Quantum Dawn 2 cyber war game to test defenses of U.S. banks

A simulated cyber attack with the Hollywood-esque title Quantum Dawn 2 will bombard the defenses of American banks on June 28 – in an exercise designed to test how Wall Street would endure a sustained hi-tech assault.

The attack will target fake trading platforms which are not connected to actual markets, and will run from 9am to 2.30pm. The simulation is designed not only to test how individual banks respond to a sustained attack from multiple threats, but how they work together.
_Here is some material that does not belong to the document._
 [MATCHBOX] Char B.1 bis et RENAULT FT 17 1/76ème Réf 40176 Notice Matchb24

It follows a successful exercise in November 2011.

The simulation uses testing software known as Distributed Environment for Critical Infrastructure Decision-making Exercises – Finance Sector (DECIDE-FS), and involves more than 50 banks, according to PC Magazine.

Organised by the trade organization Securities Industry and Financial Markets Association (SIFMA), the exercise is designed to “test incident response, resolution and coordination processes for the financial services sector and the individual member firms to a street-wide cyber attack.”
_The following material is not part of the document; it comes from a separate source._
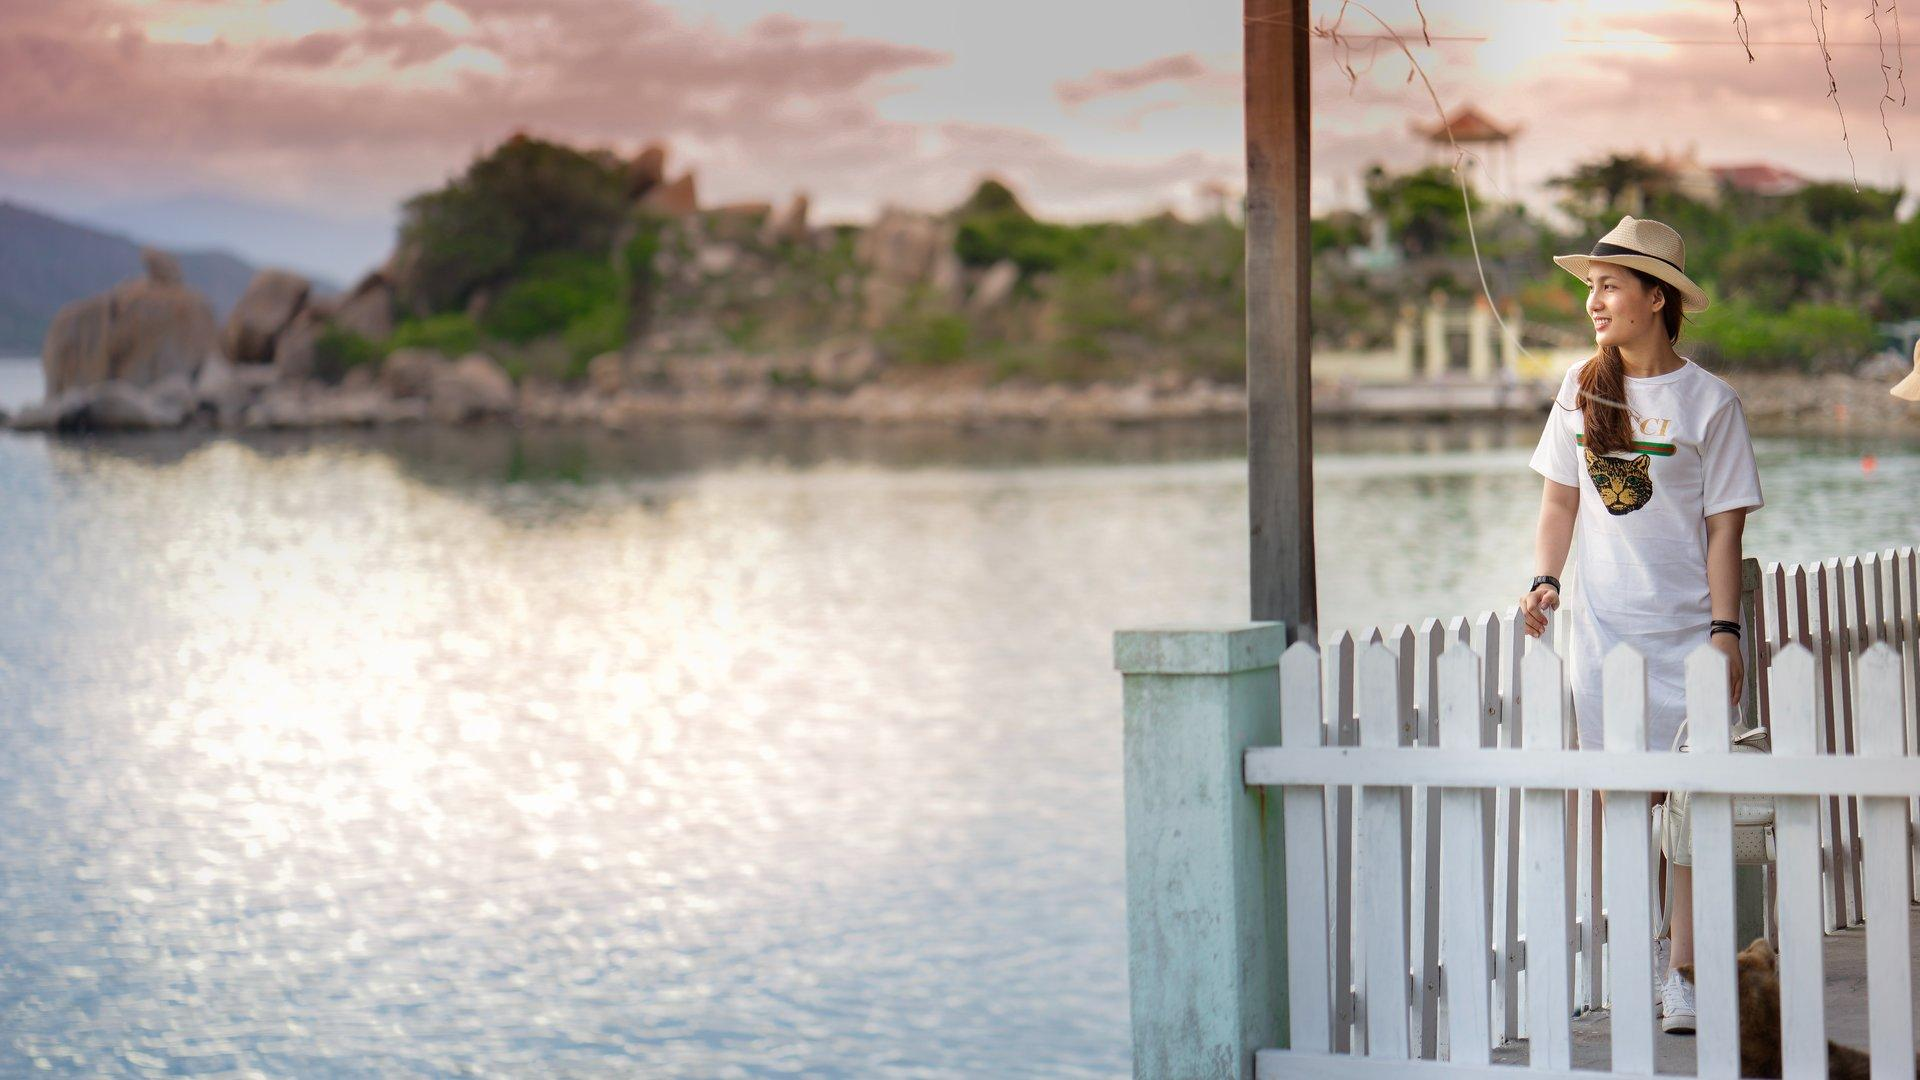 Bình Hưng Island

“We go through a pretty rigorous scenario where we look at multiple threats being thrown out at the U.S. equity markets,” said Karl Schimmeck, vice president of financial services operations at SIFMA in an interview. “What makes cyber so unique is that you have a living, breathing adversary on the other side.”

The one-day exercise will simulate multiple trading days, according to SIFMA, and will test “market open and close” decisions, as well as simulating “the loss of critical infrastructure within the financial services industry”.

“Our SIFMA command center at some point will run an escalation process,” said Schimmeck. “Our members will say, ‘We think we see a threat out there, this is something multiple firms are dealing with.’ We will facilitate a conference call where we share what we know, have our regulators participate and see if we can understand a threat, deal with a threat and then do a shared analysis so that no one is working on their own.”

SIFMA said in a statement, “We expect this exercise to improve the readiness of sector as a whole to respond to a street-wide cyber attack and allow each participating firm to test their internal coordination mechanisms and processes to maintain business resiliency.”